Она обернулась, и в этот момент самолётик исчез из виду, оставив после себя только воспоминание о полёте.

– Он улетел, – прошептала она.

– Но мы остались.

Я прикоснулся к её щеке, ощущая под пальцами тепло, которое не могла забрать даже осенняя прохлада. Когда наши губы встретились, мне показалось, что время остановилось, как часы в заброшенном вокзале.

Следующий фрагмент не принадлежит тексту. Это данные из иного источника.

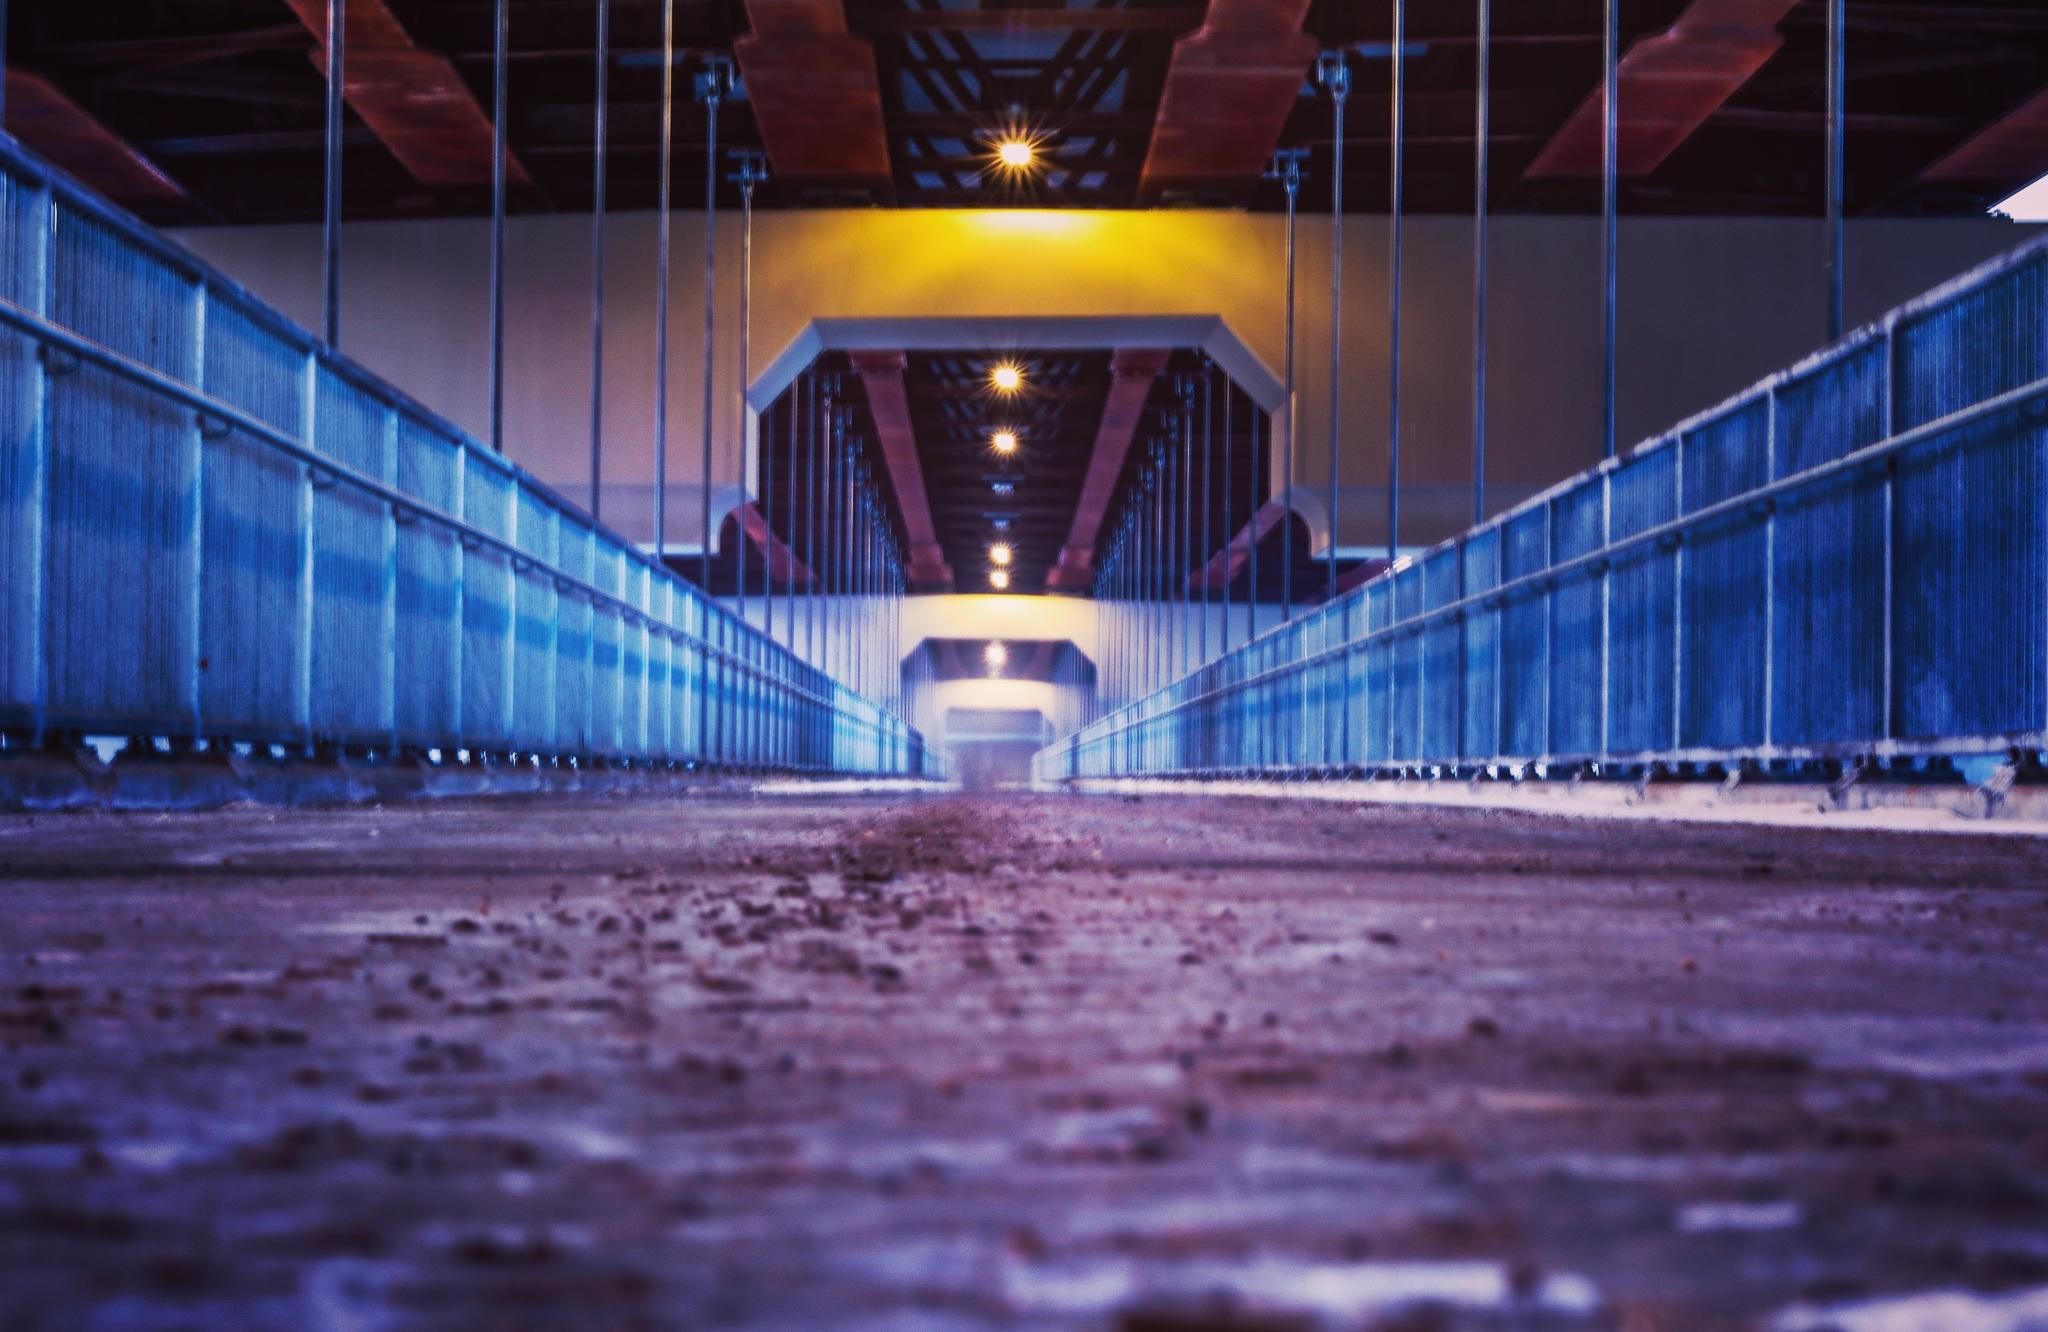 crossing bridges  by leif schmitz

Это не был поцелуй – это было возвращение домой.

Её губы оказались мягче лепестков пиона, которые я когда-то дарил маме на восьмое марта. Слаще, чем те мандарины, что мы ели в лесу. Теплее, чем солнце в самый жаркий июльский полдень.

Когда мы наконец разомкнулись, я увидел, что её глаза блестят, как те самые звёзды, что мы когда-то считали, лёжа на крыше её дома.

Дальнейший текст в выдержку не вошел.